(GA Recorder) — A trio of redistricting challenges in Georgia is set to advance to a trial this fall in the wake of a U.S. Supreme Court ruling that Alabama’s 2022 congressional maps violated the Voting Rights Act.
The potential effect of last month’s Supreme Court decision on Georgia’s maps remains to be seen, but if the still-pending challenges here are successful, it could potentially send lawmakers back to the Gold Dome to draw new maps.
Federal Judge Steve C. Jones has allowed three separate but similar lawsuits in Georgia to proceed to trial together on Sept. 5.
Secretary of State Brad Raffensperger, who is a defendant in all three cases, had tried to have the challenges dismissed. The state’s attorneys argued in a briefing last month that the Supreme Court’s ruling on Alabama’s maps provided little direction for what to do with Georgia’s cases.
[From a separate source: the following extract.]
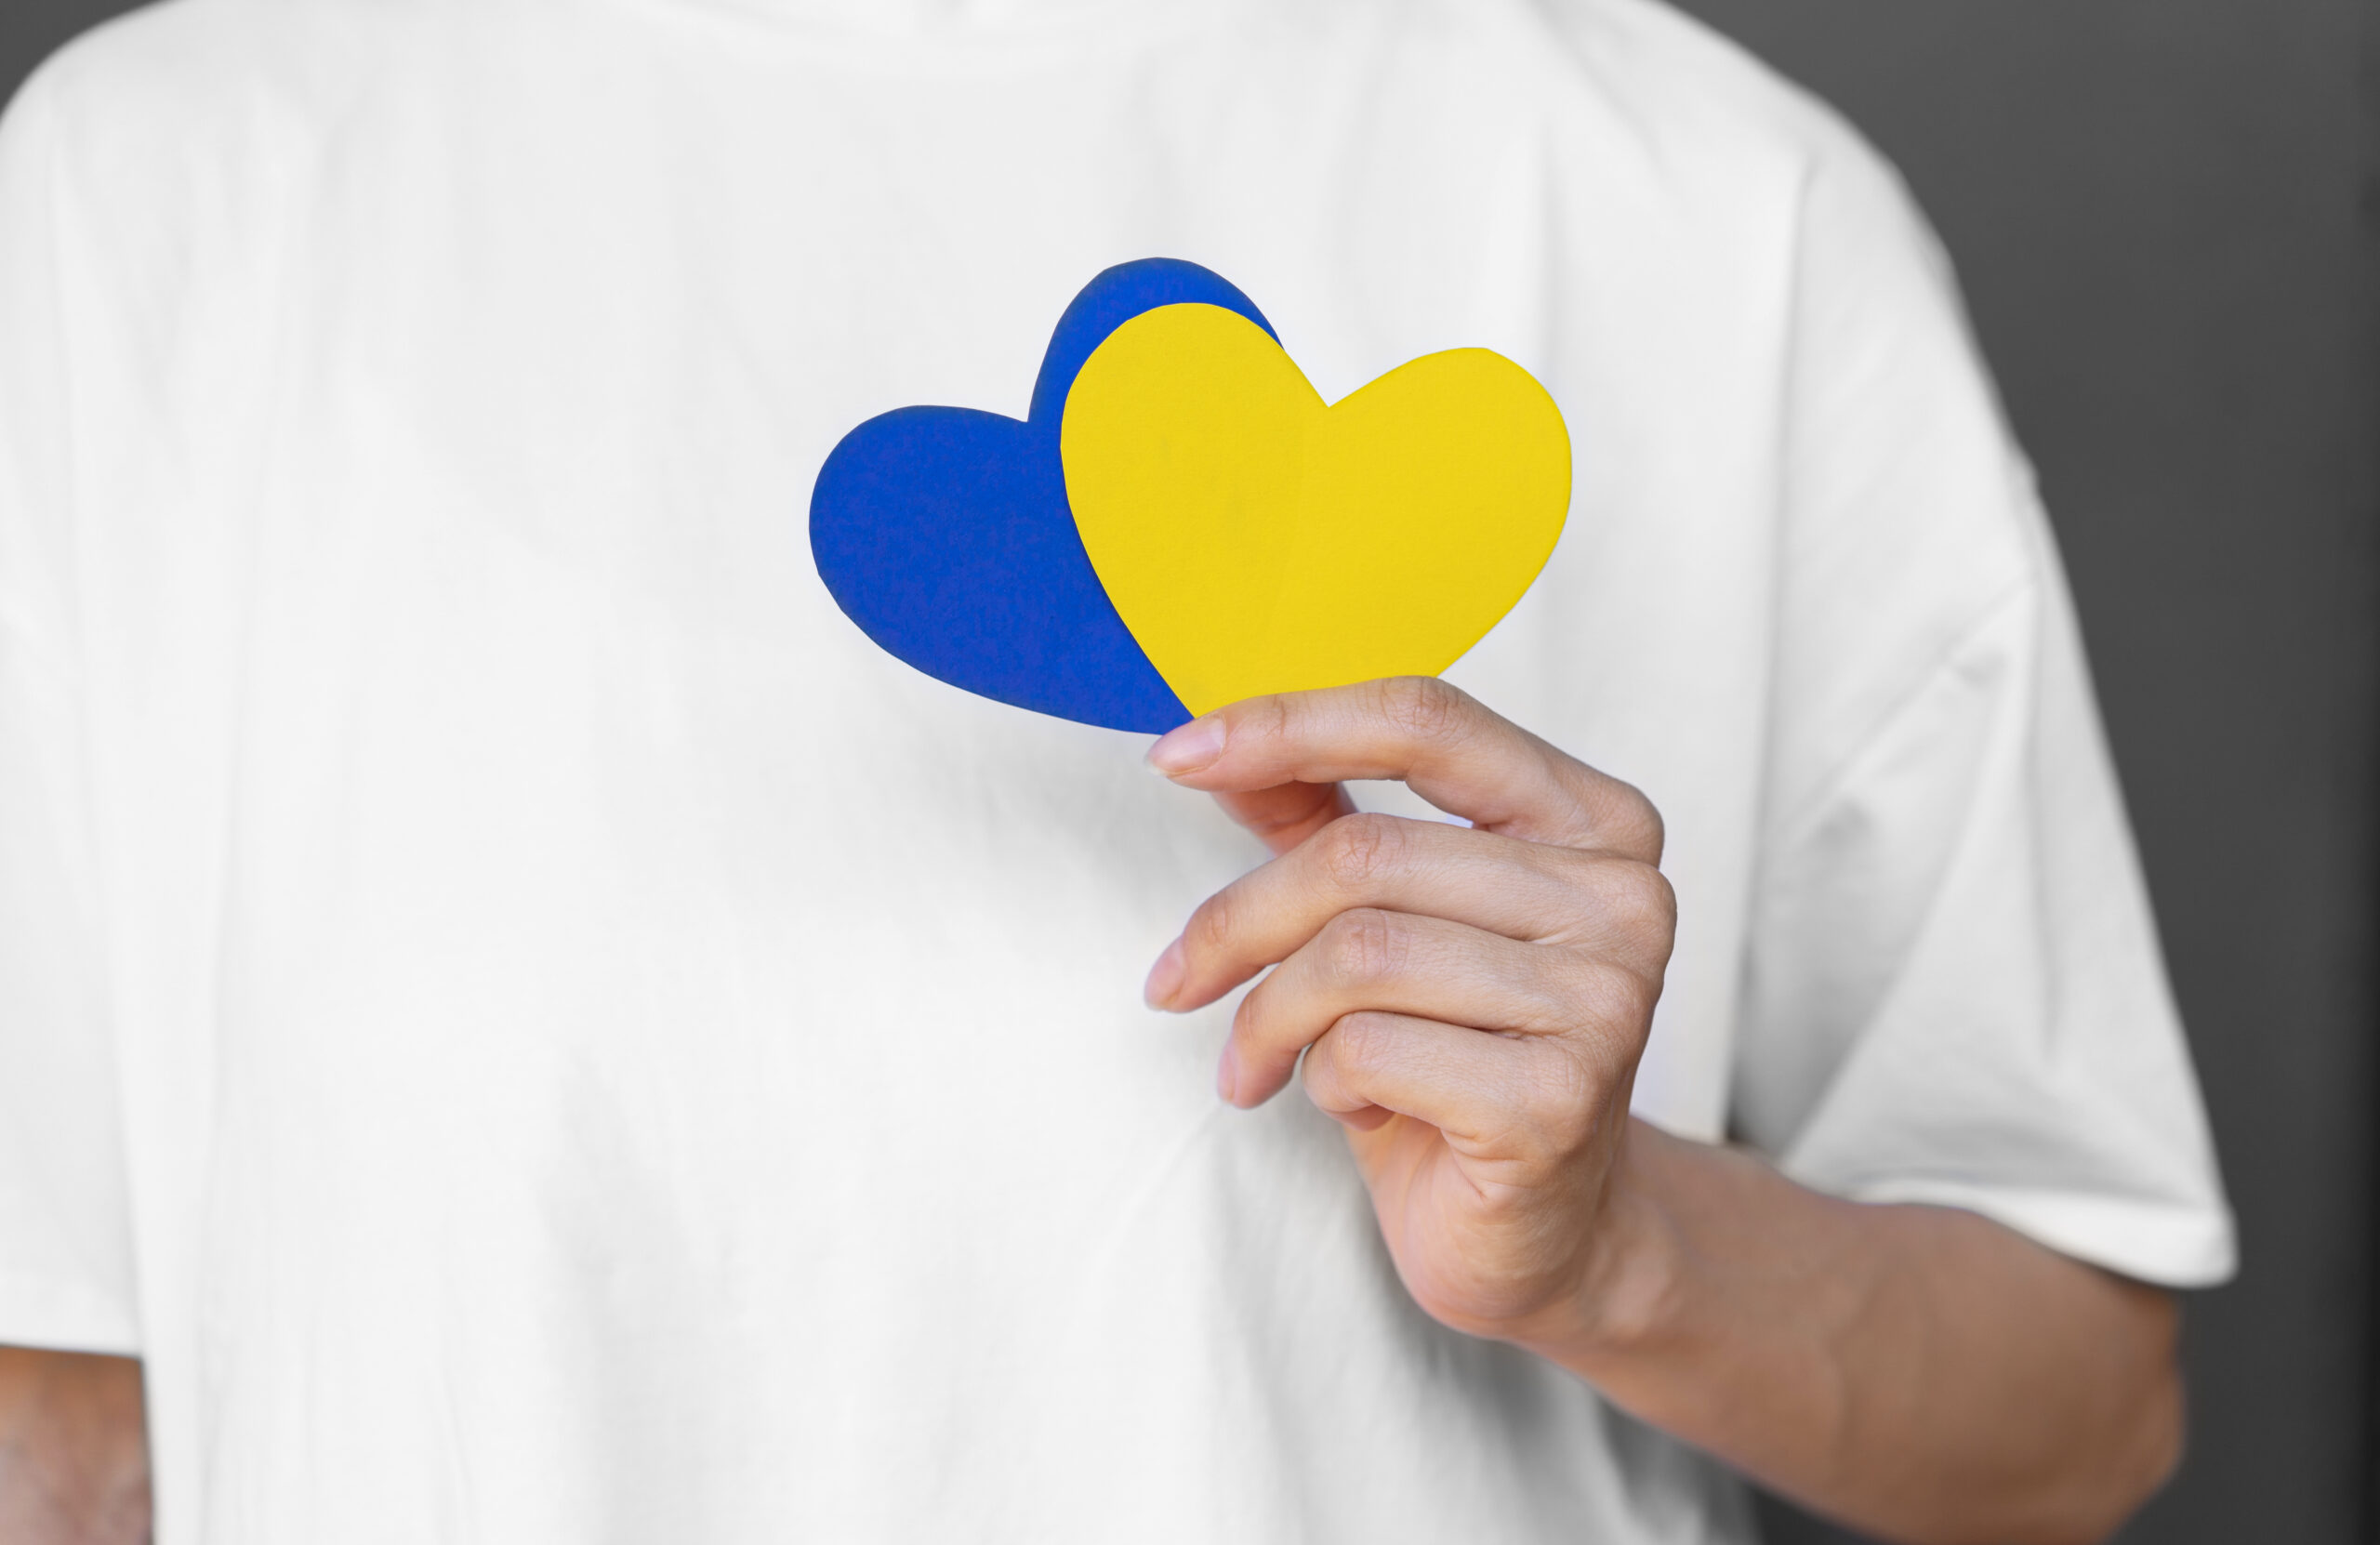 Zbliżenie na dłoń trzymającą 2 serca z papieru w kolorze żółtym i niebieskiem na tle białej koszulki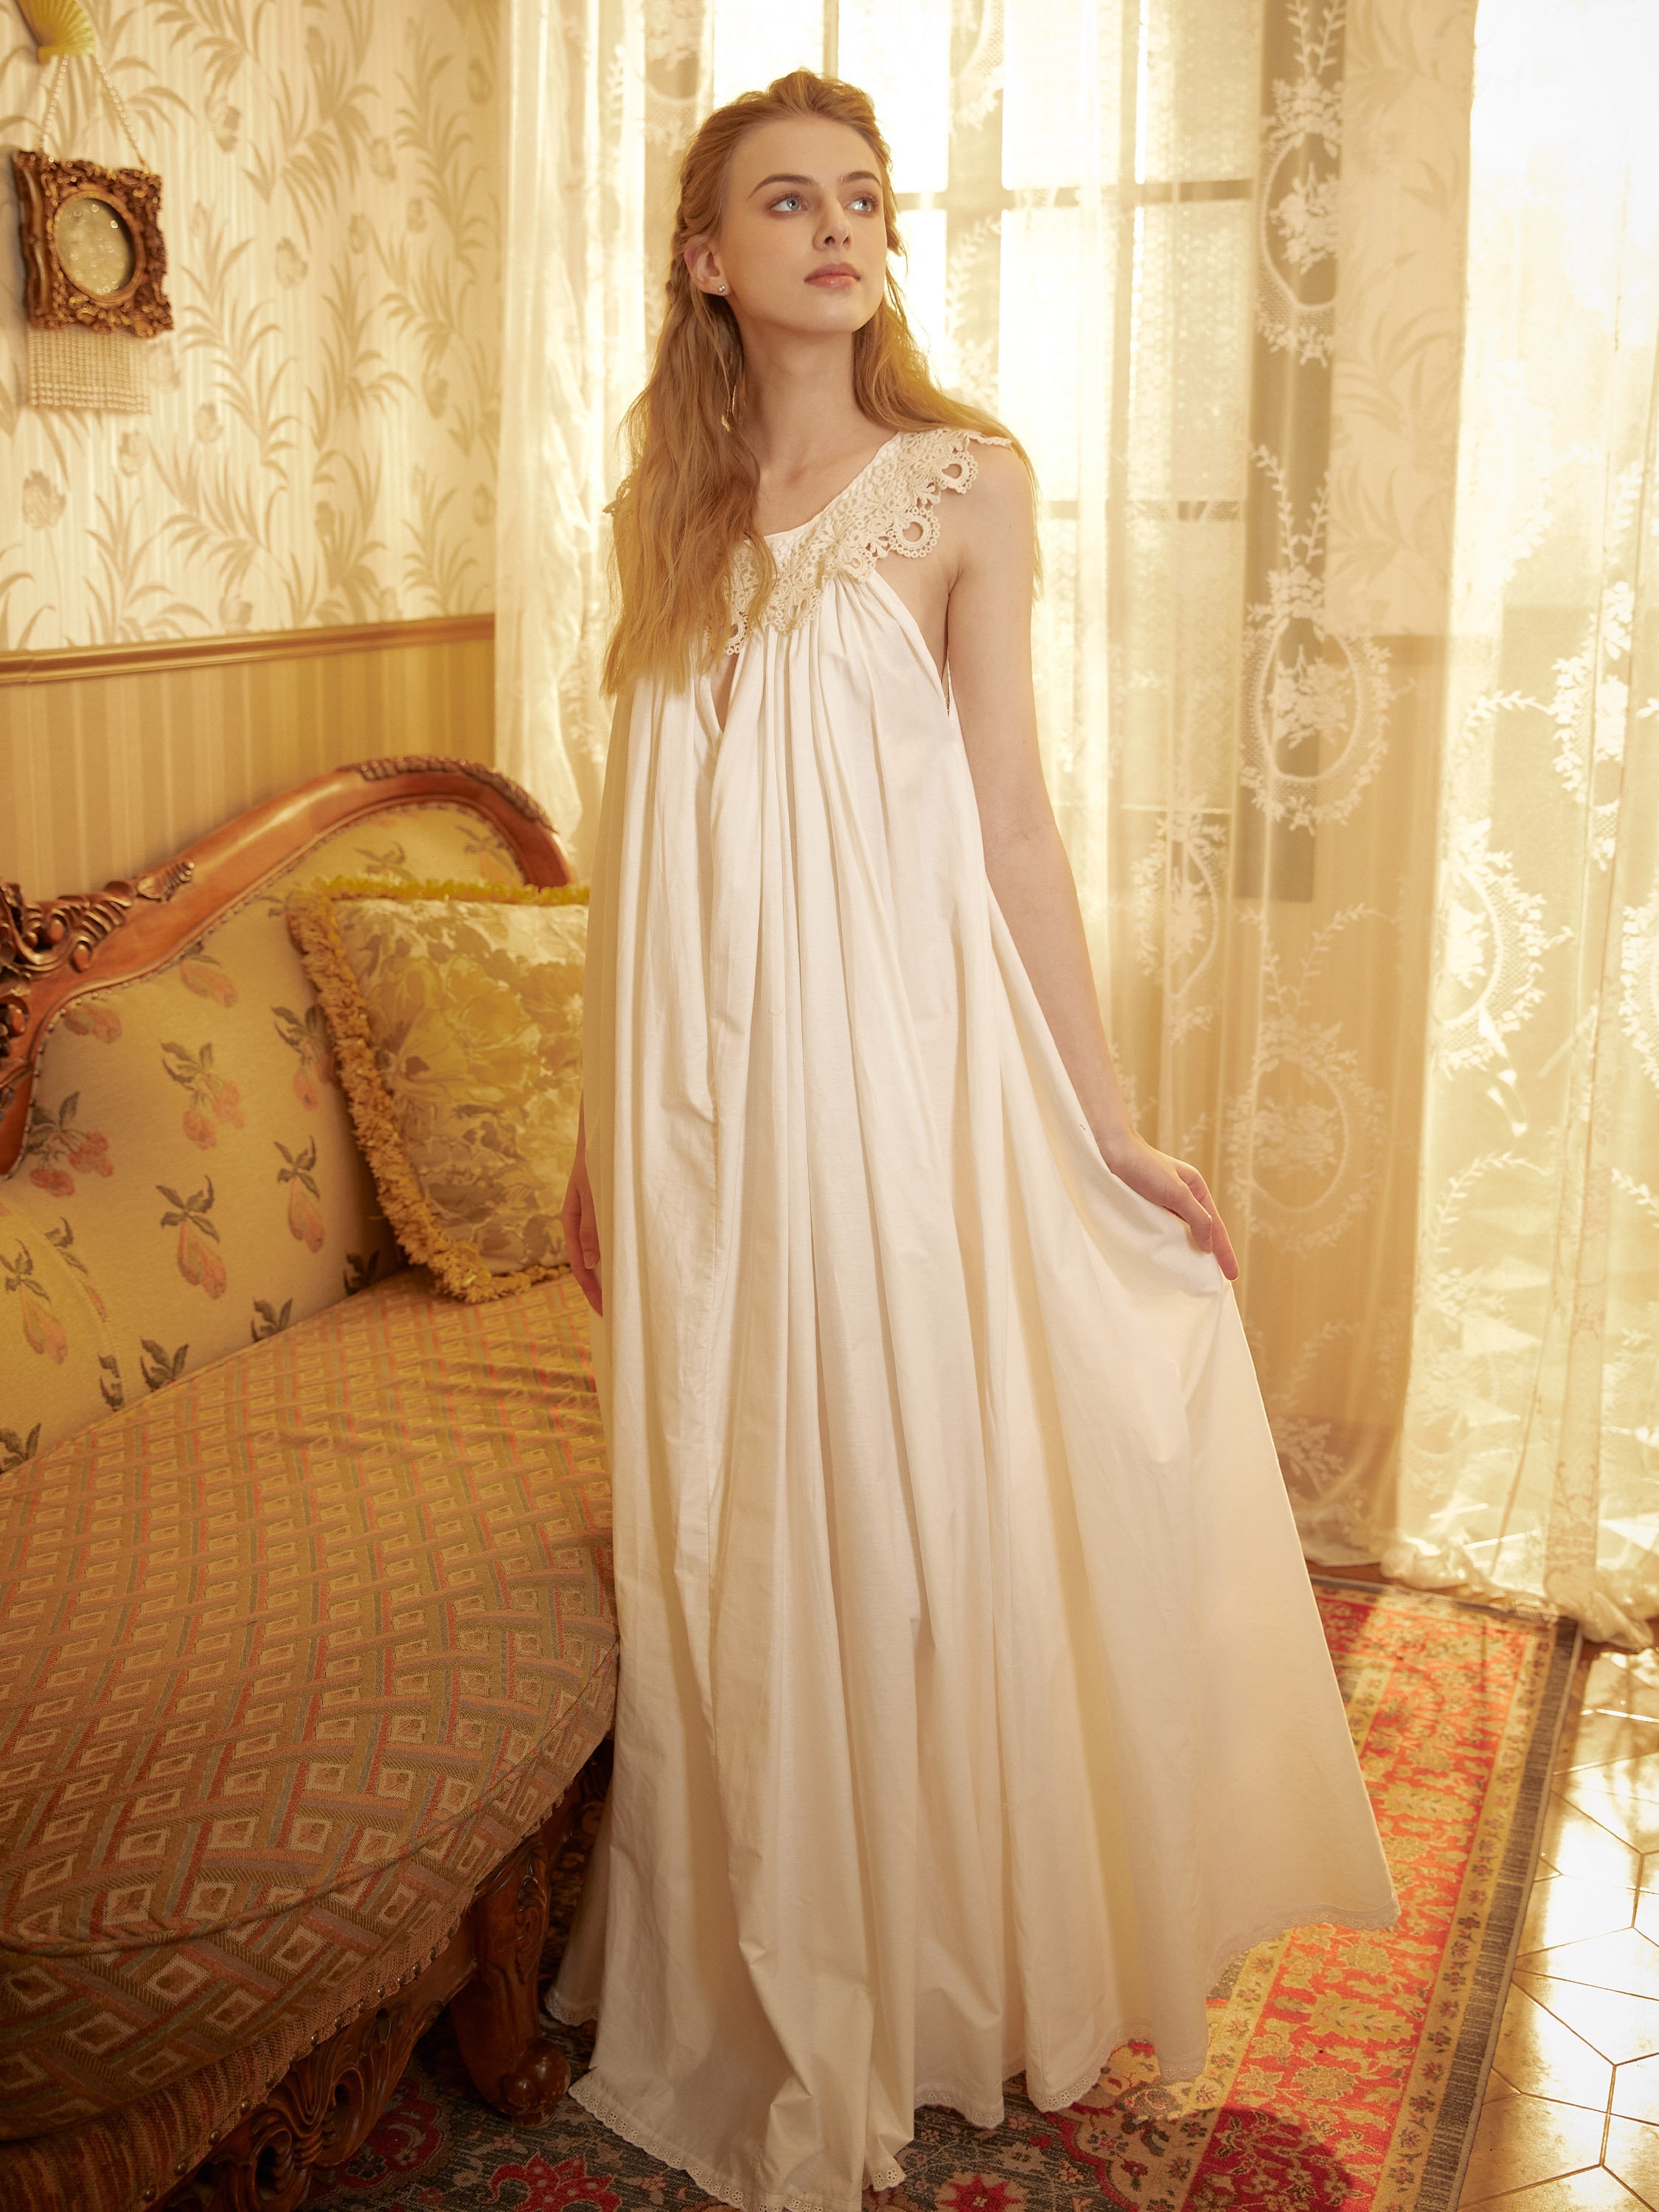 Victorian Nightgown for Women Vintage Nightie 100% Cotton

Jones wrote in his order Monday that there are “material disputes of fact and credibility determinations” that warrant examination.
“Additionally, given the gravity and importance of the right to an equal vote for all American citizens, the Court will engage in a thorough and sifting review of the evidence that the Parties will present in this case at a trial,” Jones said.
The President Barack Obama-nominated judge ruled early last year that the 2022 elections should be held under the new maps because of the then-fast-approaching midterms, but he described it at the time as a “difficult decision.”
A spokesman for Raffensperger declined to comment Tuesday on pending litigation.
The lawyers for one of the plaintiffs, Alpha Phi Alpha Fraternity, celebrated the judge’s decision Tuesday.
“We look forward to presenting evidence at trial to ensure that Georgia voters have fair maps in advance of the 2024 election cycle,” said Rahul Garabadu, senior voting rights staff attorney at the ACLU of Georgia, which is working with the Washington, D.C.-based WilmerHale law firm on the case.
Alpha Phi Alpha Fraternity’s lawsuit challenges the state House and Senate district maps and argues that there should have been more than a half dozen new Black-majority districts drawn to reflect Georgia’s growing Black population.
Another lawsuit in the trio challenges the congressional map, which gave Republicans another seat in the U.S. House of Representatives. Of Georgia’s 14 congressional seats, Republicans now represent nine of them, up from eight last year.
State lawmakers met during a special session in late 2021 to carve up new districts using the 2020 U.S. Census headcount, which was delayed by the pandemic. The maps were approved along party-line votes.
In Alabama, state lawmakers are meeting this week to draw a new congressional map. A version that has advanced has rankled some because it includes only one majority-Black district and one that is 42% Black, reports the Alabama Reflector.